Subsampling in a plate makes a program grind to a halt

Elchorro · April 2, 2020, 5:11pm

Hi All,

I started experimenting with Pyro couple days ago and have been enjoining it.

I wrote a simple LDA and was able to estimate on a small simulated dataset with NUTS and infer={“enumerate”: “parallel”} on CUDA.

I then tried to use sub-sampling of words within documents and unfortunately found that the algorithm stopped working. By which I mean, it appears to do something but not a single iteration is complete after long time of waiting.
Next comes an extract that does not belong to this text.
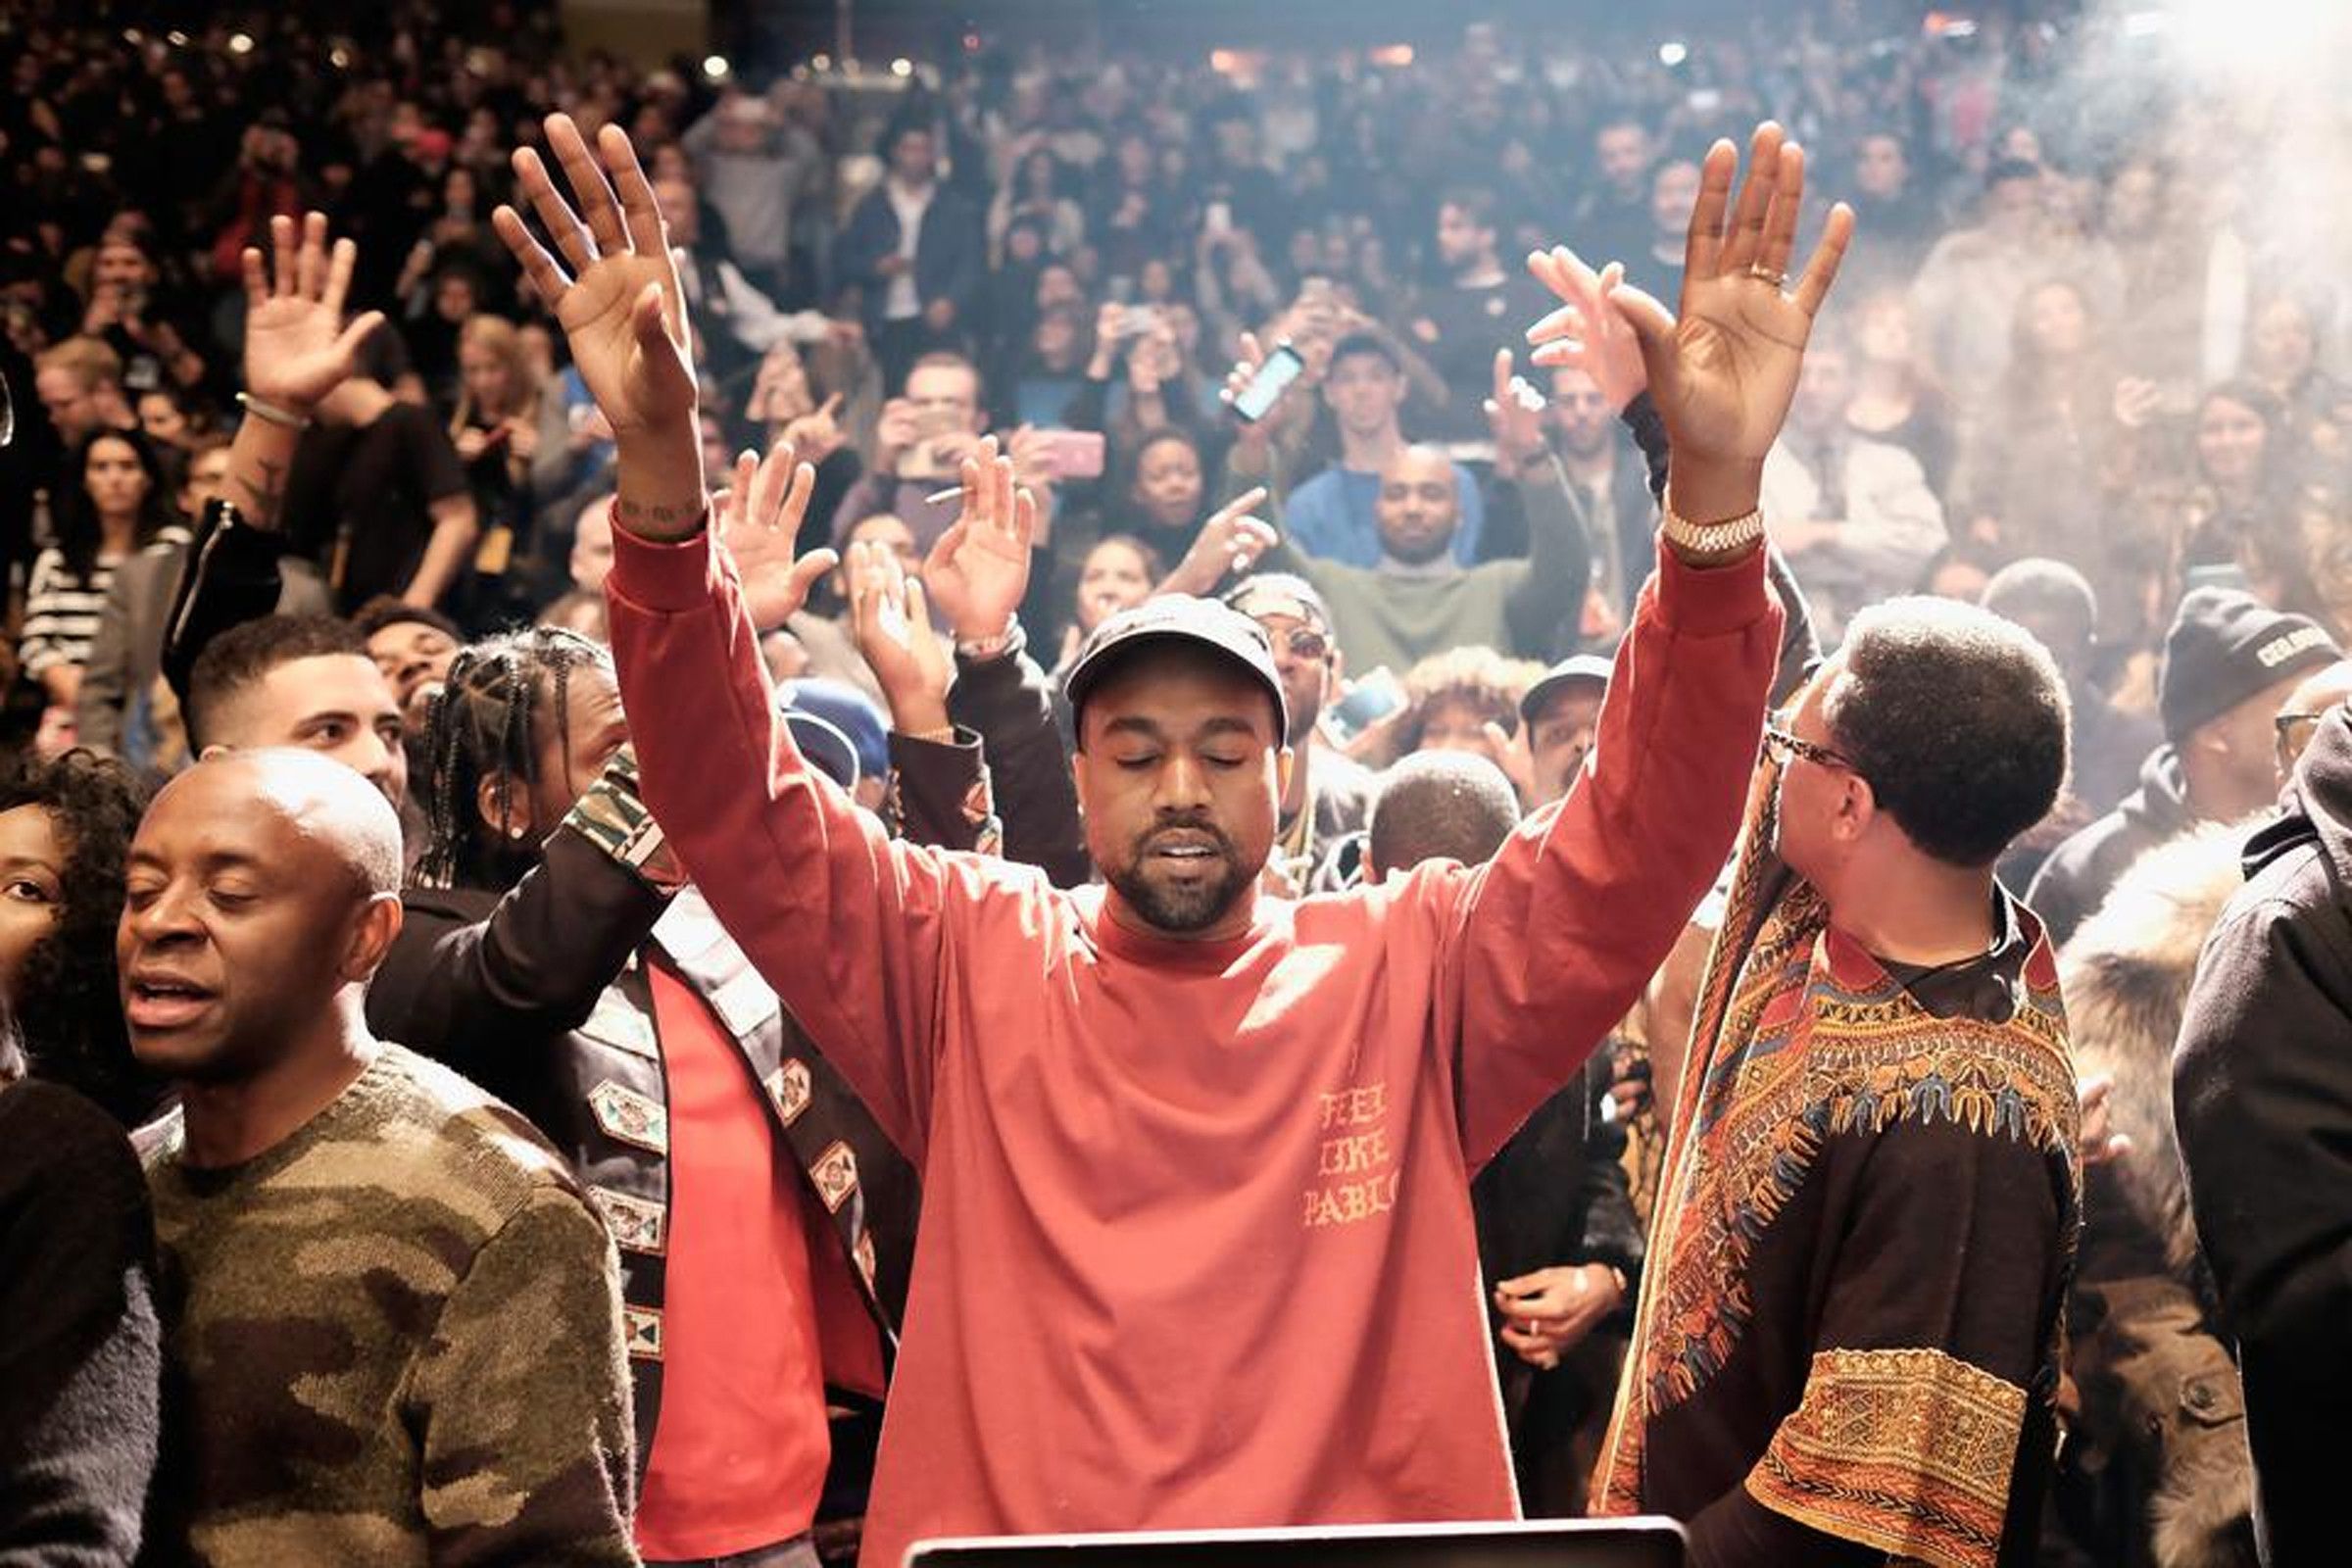 Kanye West attending the Louis Vuitton Gala Celebrating Murakami

Here is the code:

def model(M, T, D, W, Z):
  with pyro.plate("topics", T):
    topic_words = pyro.sample("beta",
                              dist.Dirichlet(0.1* torch.ones(W)))
  with pyro.plate("documents", D) as ind:
    data = M[:, ind]
    doc_topics = pyro.sample("doc_topics",
                             dist.Dirichlet(50/T * torch.ones(T)))
    with pyro.plate("words", Z, subsample_size = 10 ) as ind_w:
        data = data[ind_w,:]
        word_topics = pyro.sample("word_topics", dist.Categorical(doc_topics),
                                                    infer={"enumerate": "parallel"})
        pyro.sample("doc_words", dist.Categorical(topic_words[word_topics]),
                    obs=data)

nuts_kernel = NUTS(model, jit_compile=True, ignore_jit_warnings=True) 
mcmc = MCMC(nuts_kernel, num_samples=1, warmup_steps=20)
mcmc.run(M,T,D,W, Z)

What can be a reason for why the above does not work, but if I drop the “subsample_size = 10” everything works as expected?

As a bonus, could you point me to a resources how to manage CUDA memory? With a larger data size I quickly run out of memory on google colab.

Thanks in advance!

fritzo · April 2, 2020, 5:18pm

MCMC does not support subsampling. I think the correct behavior in this case would have been to error.

Elchorro · April 2, 2020, 5:23pm

Oh I see. Since it didn’t throw an error I was confused.